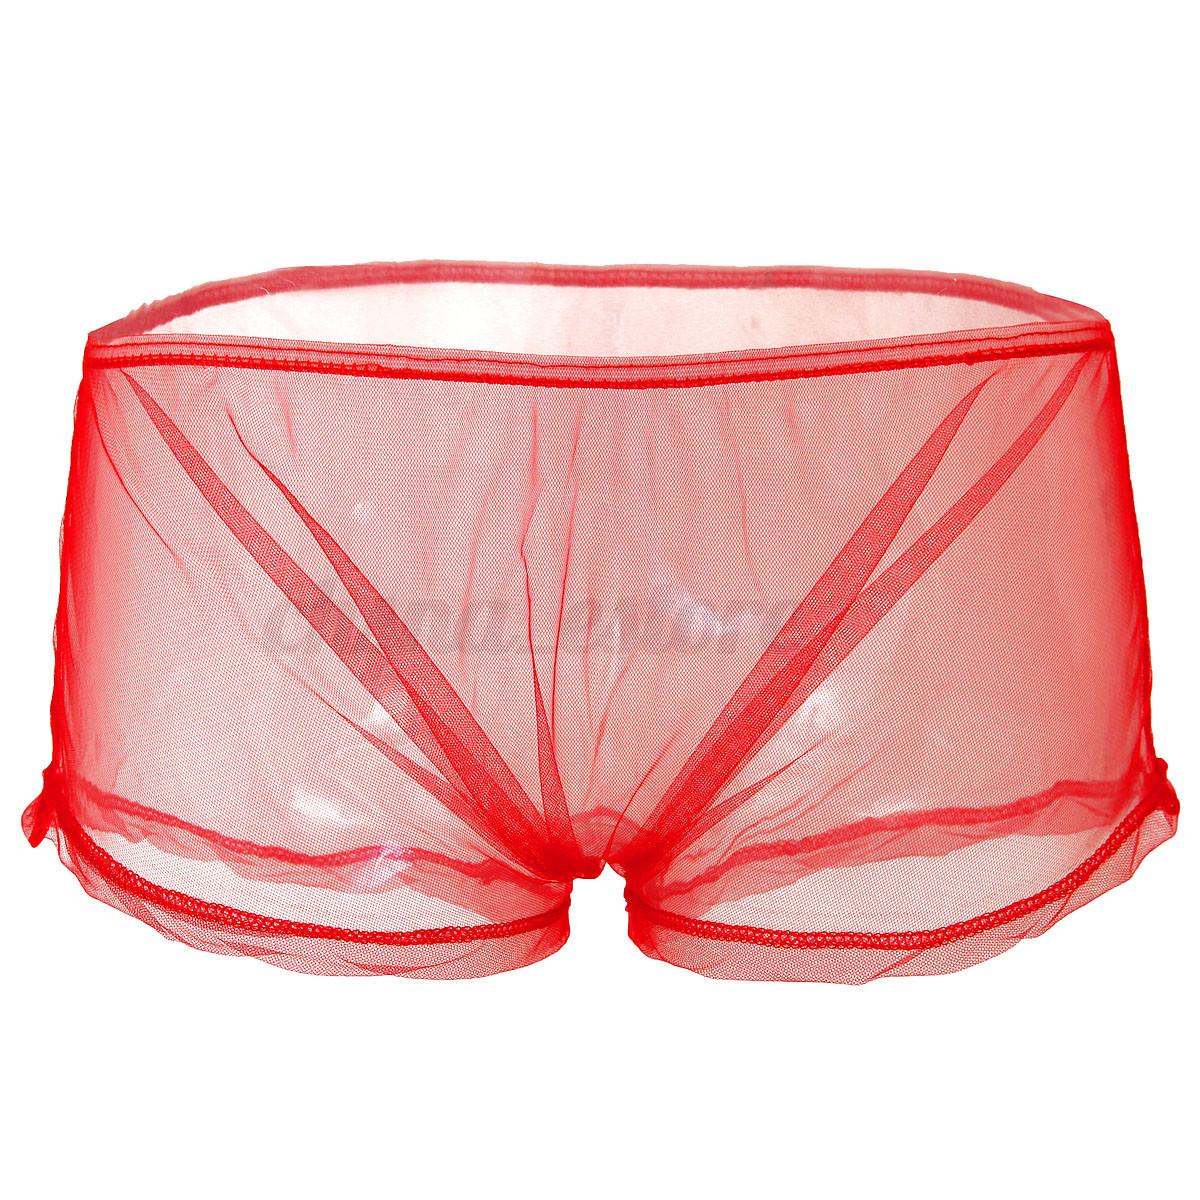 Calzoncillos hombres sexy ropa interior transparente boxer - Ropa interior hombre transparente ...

◇ ◇ ◇ ◇

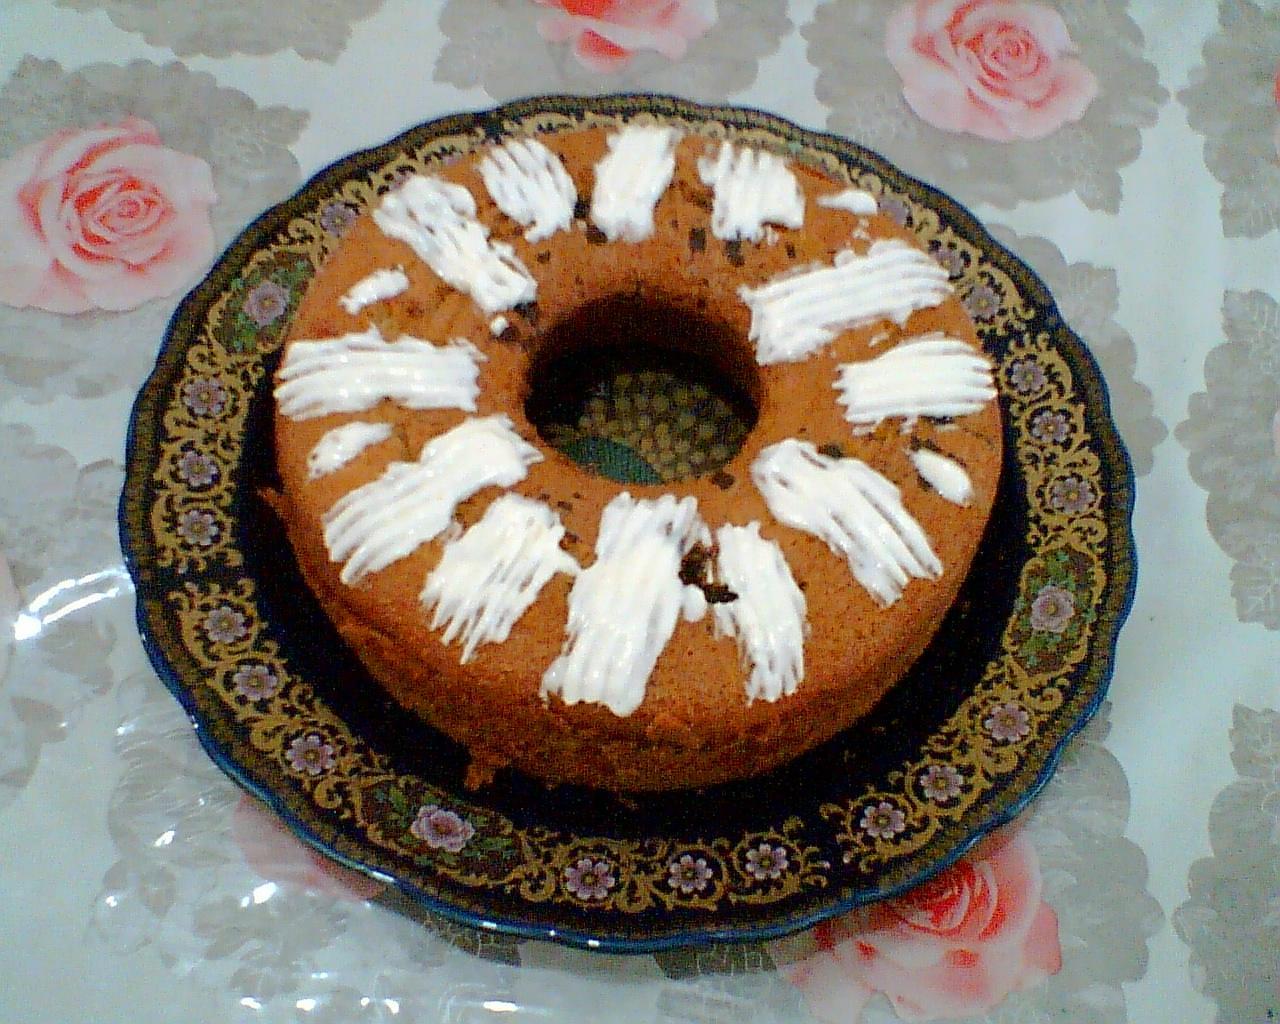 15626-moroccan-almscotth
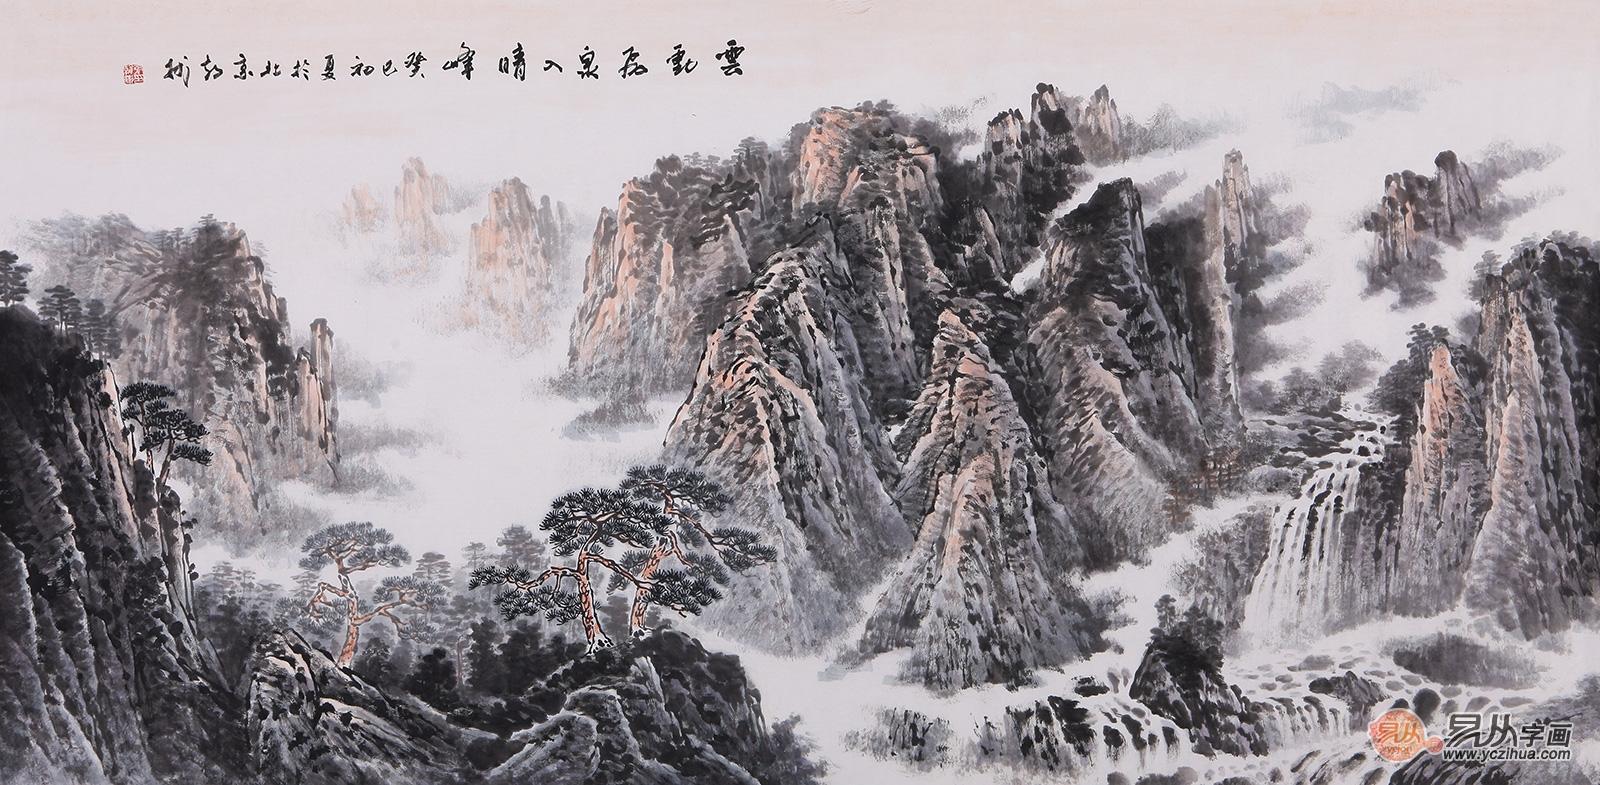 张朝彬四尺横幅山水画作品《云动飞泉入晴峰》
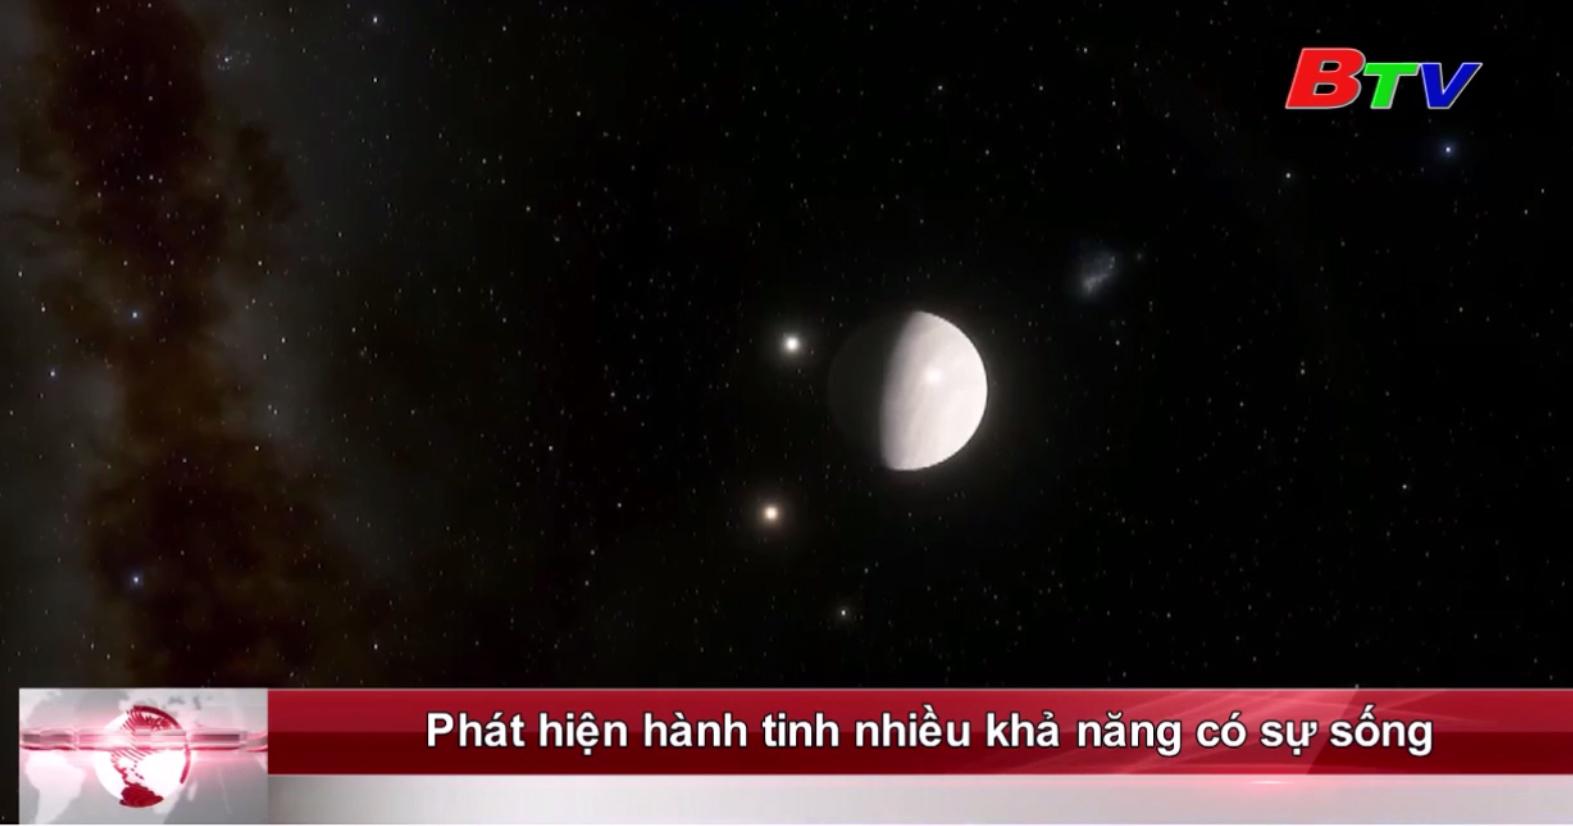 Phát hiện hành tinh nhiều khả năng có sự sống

◇ ◇ ◇ ◇

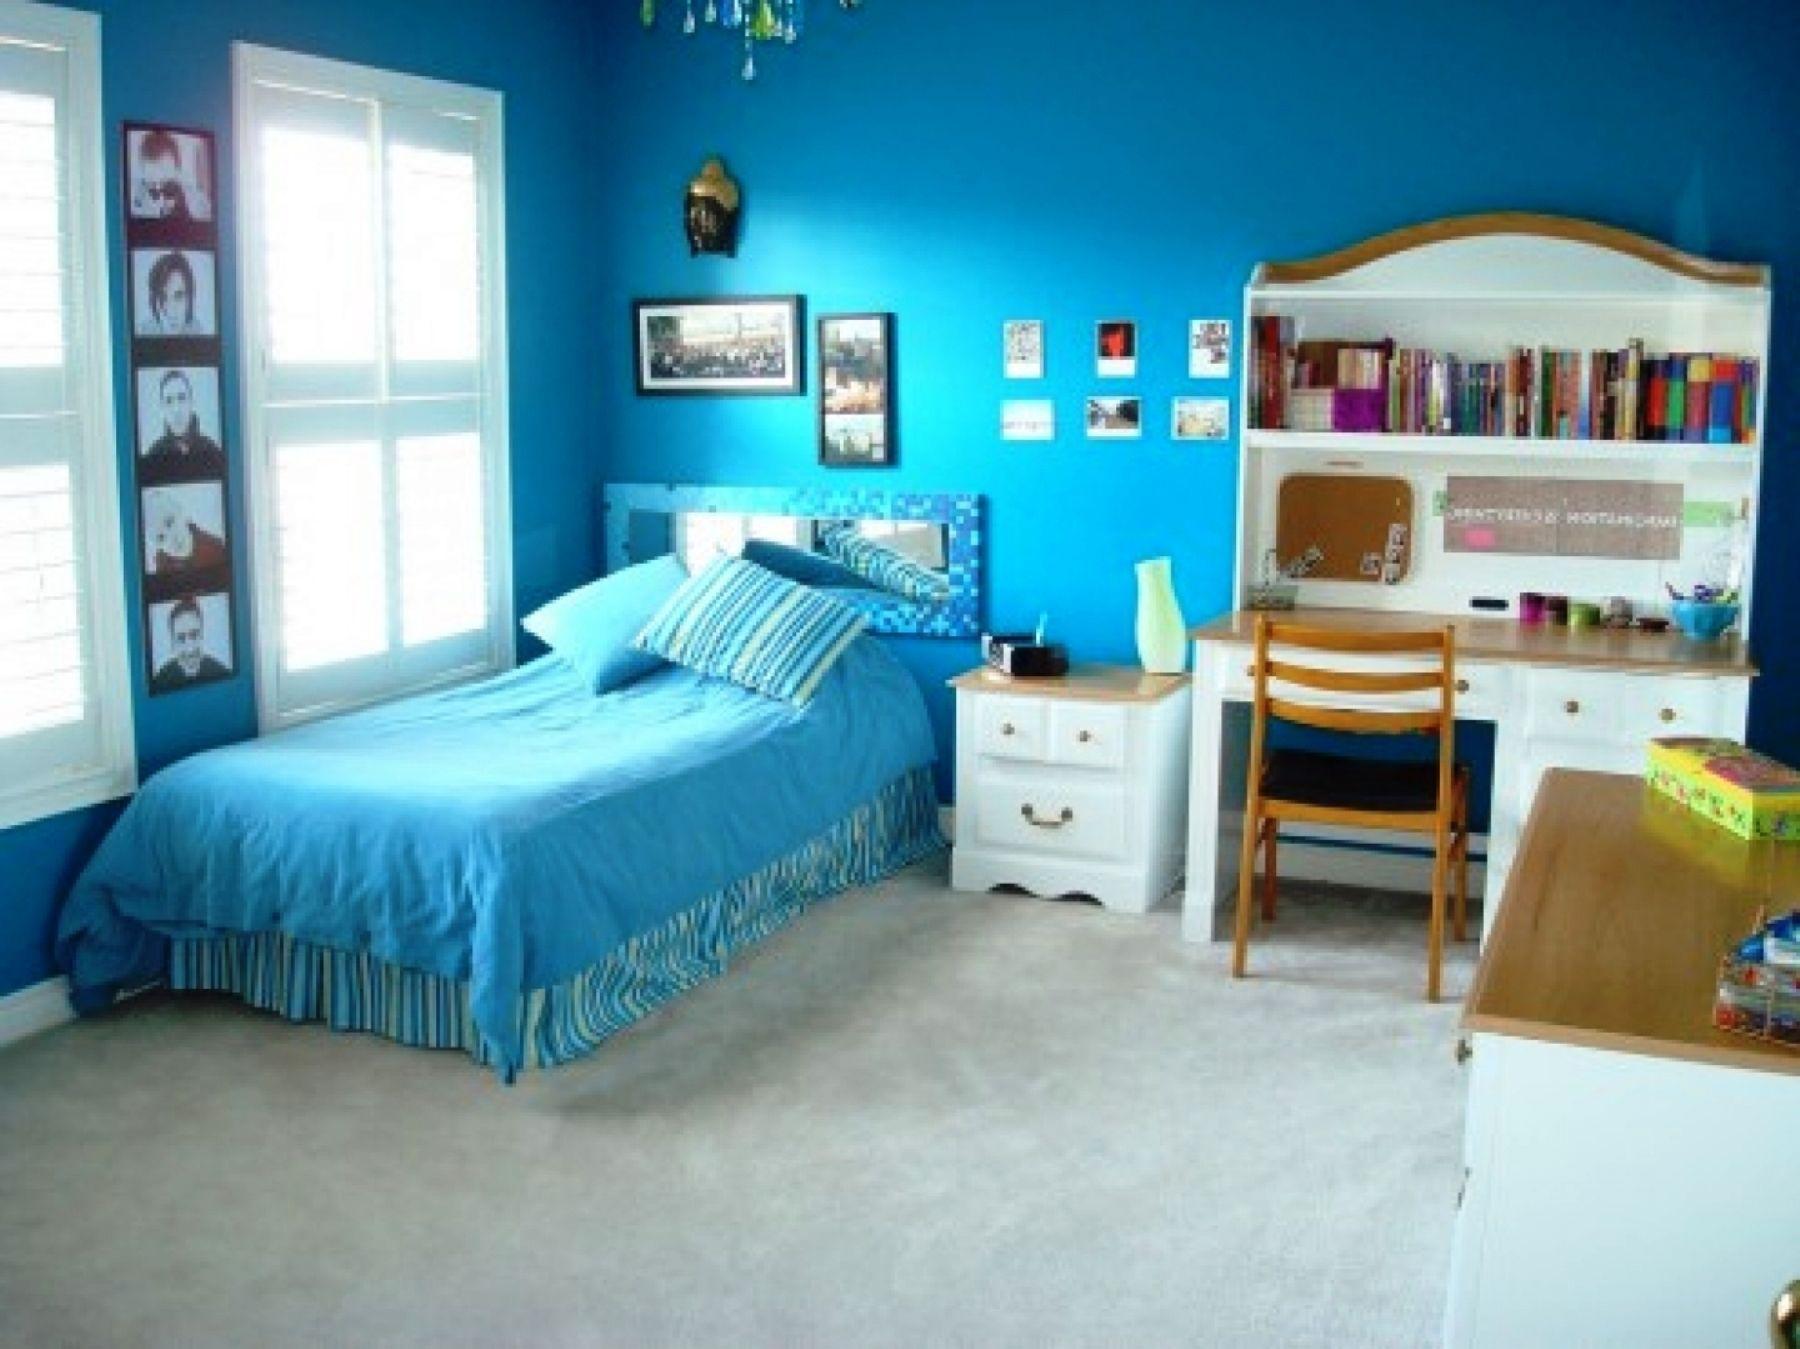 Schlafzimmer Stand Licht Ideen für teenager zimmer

◇ ◇ ◇ ◇

**Assignment**. Only the lines between the one with "张朝彬四尺横幅山水画作品《云动飞泉入晴峰》" and the one with "Phát hiện hành", those two included, get copied from the material above. Keep it exact and free of pictures.

**Response below**.
 张朝彬四尺横幅山水画作品《云动飞泉入晴峰》
 Phát hiện hành tinh nhiều khả năng có sự sống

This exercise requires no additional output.